Here’s our summary of the main proposals which are to be taken forward, and those which are not:

Proposals / reforms flowing from the Taylor Review which the Government has indicated will go ahead:

  • introduction of a new right for all workers, including zero-hour and agency workers, to request “a more stable contract”;
  • extension of the right to receive a payslip to all workers and a requirement that employers must state the hours being paid for on the payslips of time-paid workers
  • assistance from the state, through HMRC, will be given to workers to enforce national minimum wage, holiday and sickness rights;
  • introduction of a new ‘naming and shaming’ scheme for employers who fail to pay employment tribunal awards;
  • quadruple increase, from £5,000 to at least £20,000 for employers found to have committed an aggravated breach of employment legislation;
  • the Low Pay Commission will consider the impact of higher minimum wage rates for workers on zero-hour contracts;
  • new definition of ‘working time’ for flexible workers who find jobs through apps or online portals so they know when they should be being paid; and
  • further action to ensure unpaid interns are not doing the job of a worker.

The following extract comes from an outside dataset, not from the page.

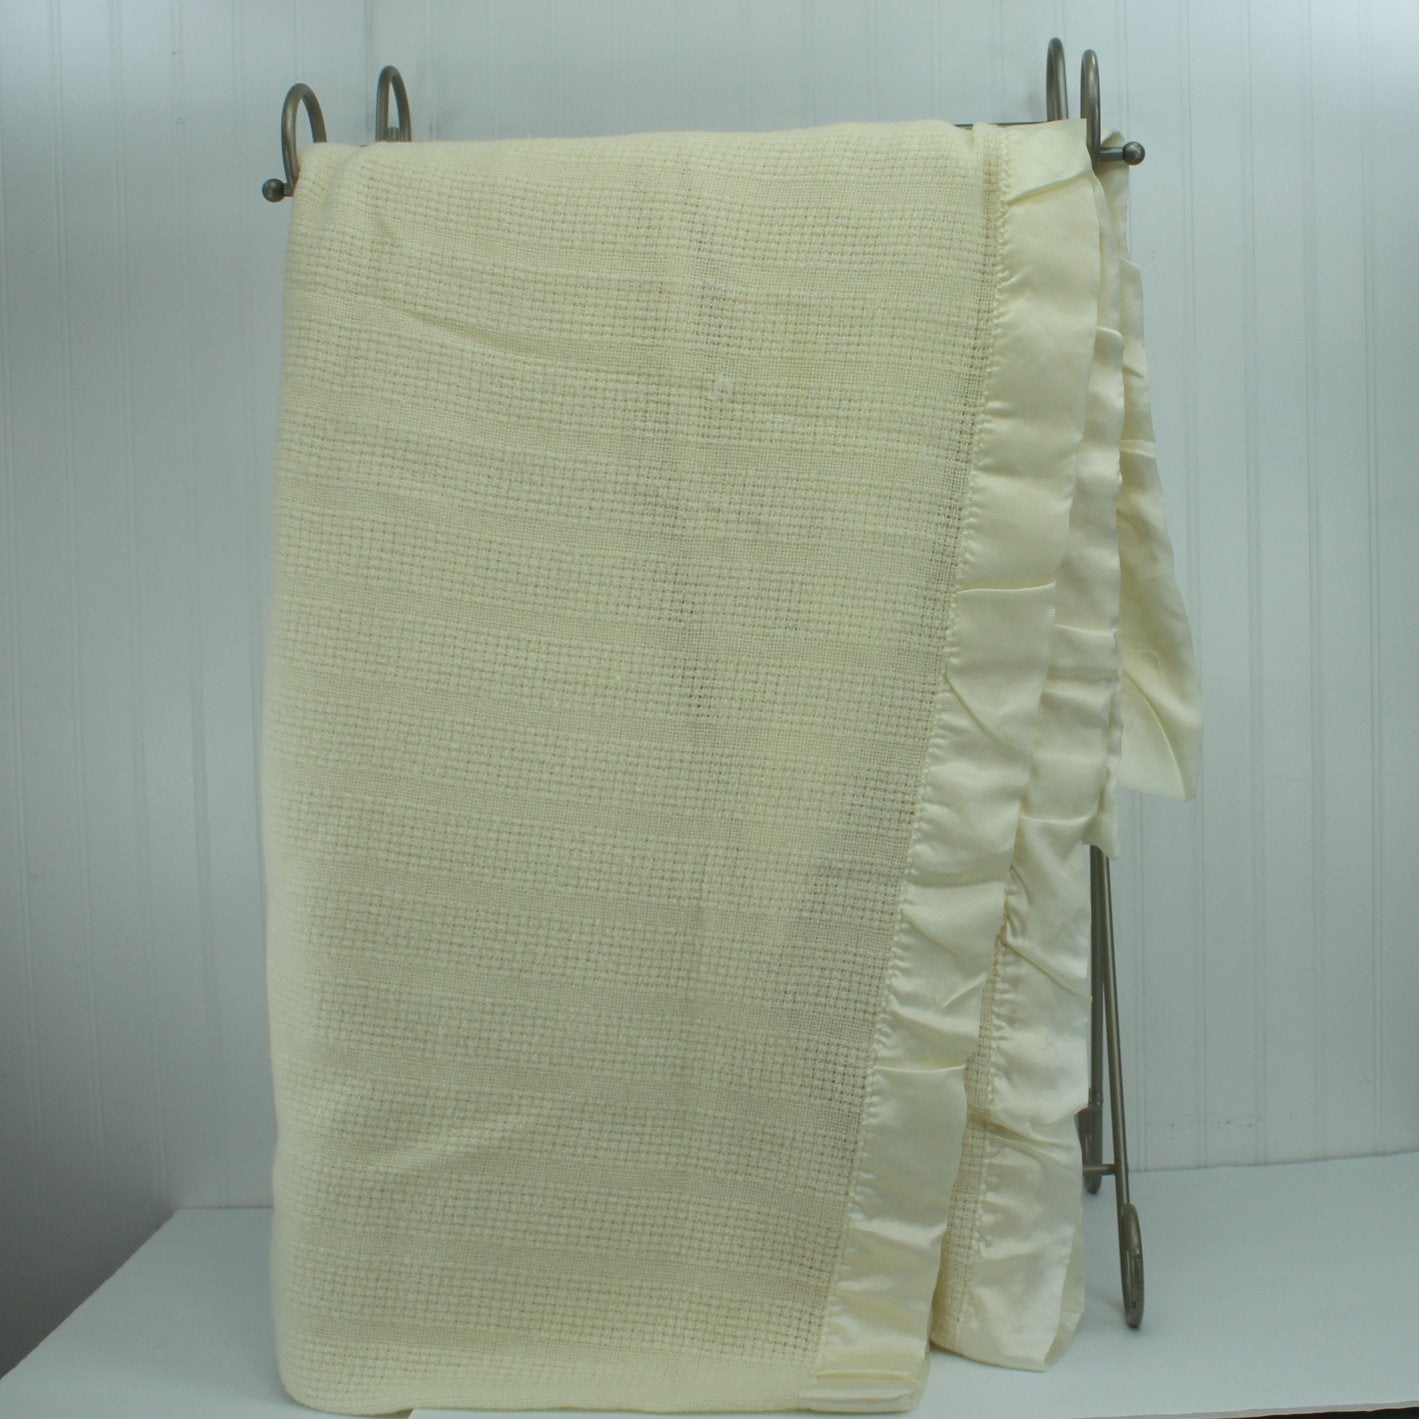 Faribault Faribo Washable Wool Blend Blanket Ivory Basketweave 102" X 87" vertical view folded blanket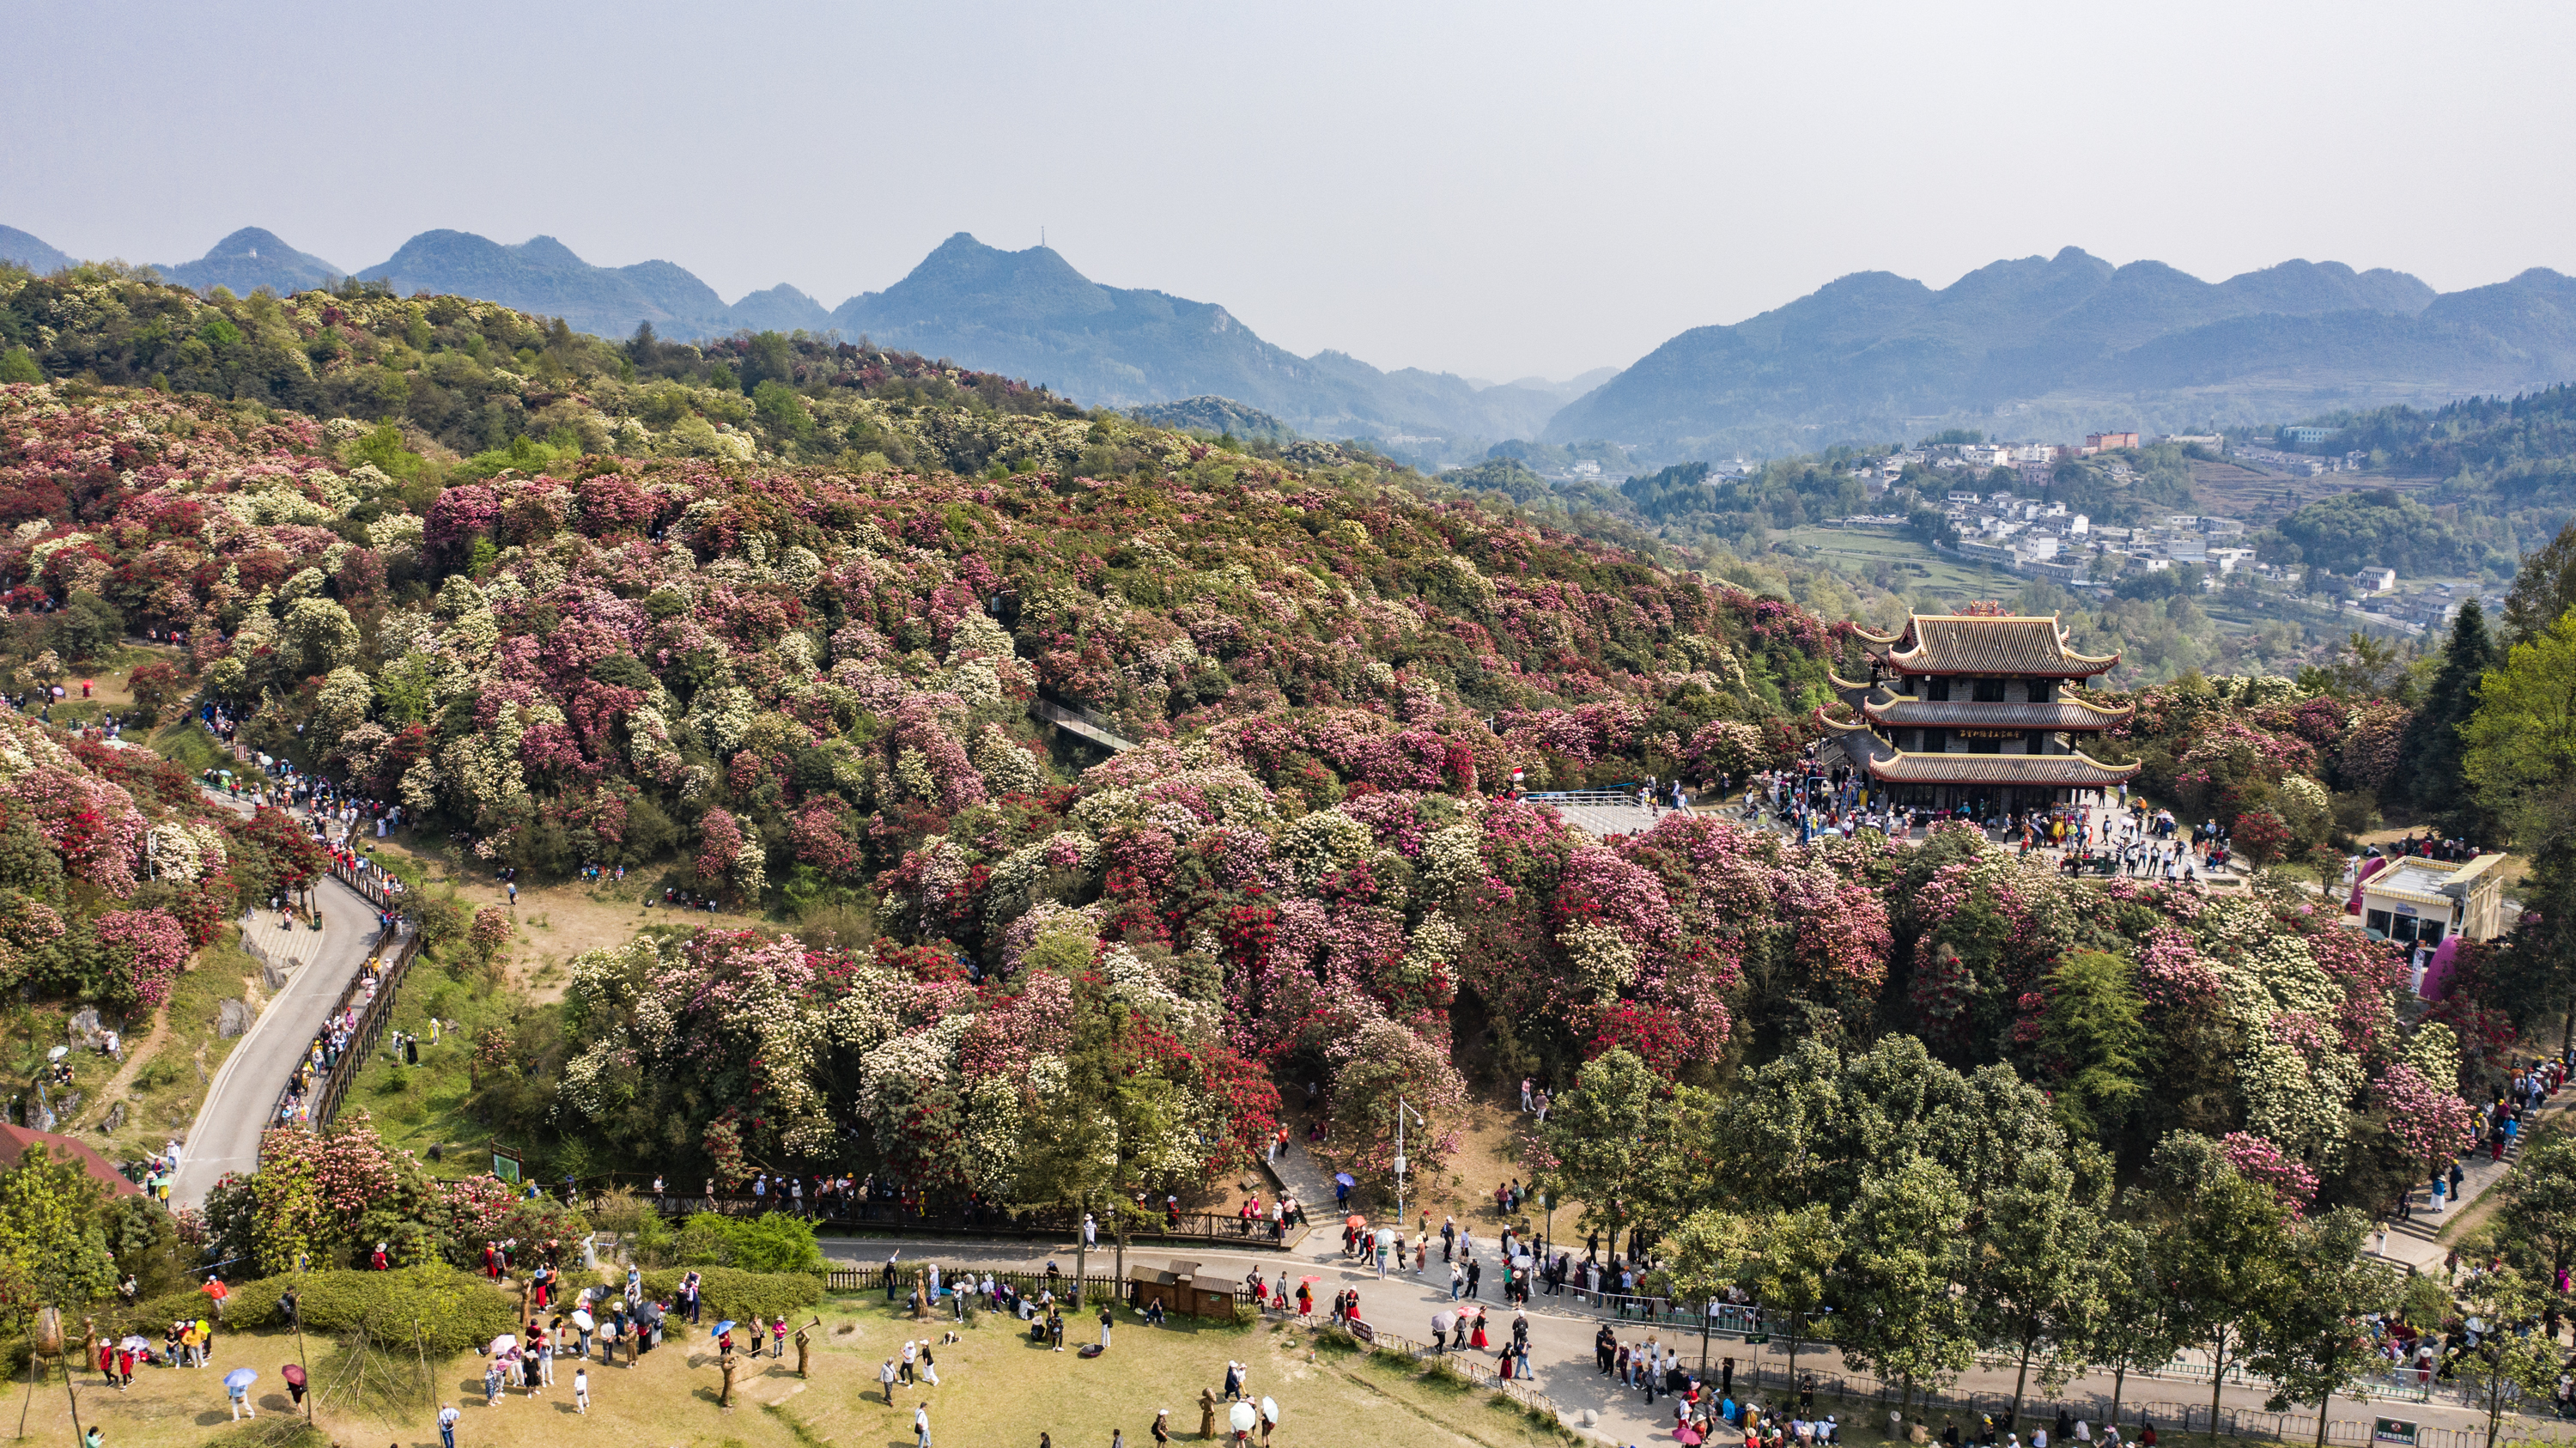 游客在百里杜鹃景区观赏杜鹃花（无人机照片）。新华社记者 陶亮 摄

Proposals / reforms which we now know won’t be going ahead: 

  • the recommendation for workers to be able to receive rolled-up holiday pay has been rejected as this is contrary to EU law;
  • the recommendation that employers have the burden of proof in employment status cases has been rejected, for now, pending the development of an online tool to check employment status;
  • as an aside, the Government has taken the opportunity to confirm that no reform will be made in respect of non-compete clauses – they are viewed as being valuable and necessary and will remain.

And, finally, it may have escaped the headlines but didn’t escape our attention – nestled deep in the report at page 50 is the suggestion that the Government may be considering the reintroduction of Tribunal fees. The Government reminds us that the Supreme Court in R (on the application of Unison) v Lord Chancellor did not find the charging of fees as being wrong in principle and accepted that fees were a legitimate means of making resources available to the system of courts and tribunals. They are reviewing the Supreme Court’s Judgment “carefully”. One possibility if fees are reintroduced, is for claims regarding employment status to be exempt and not attract a fee under that system.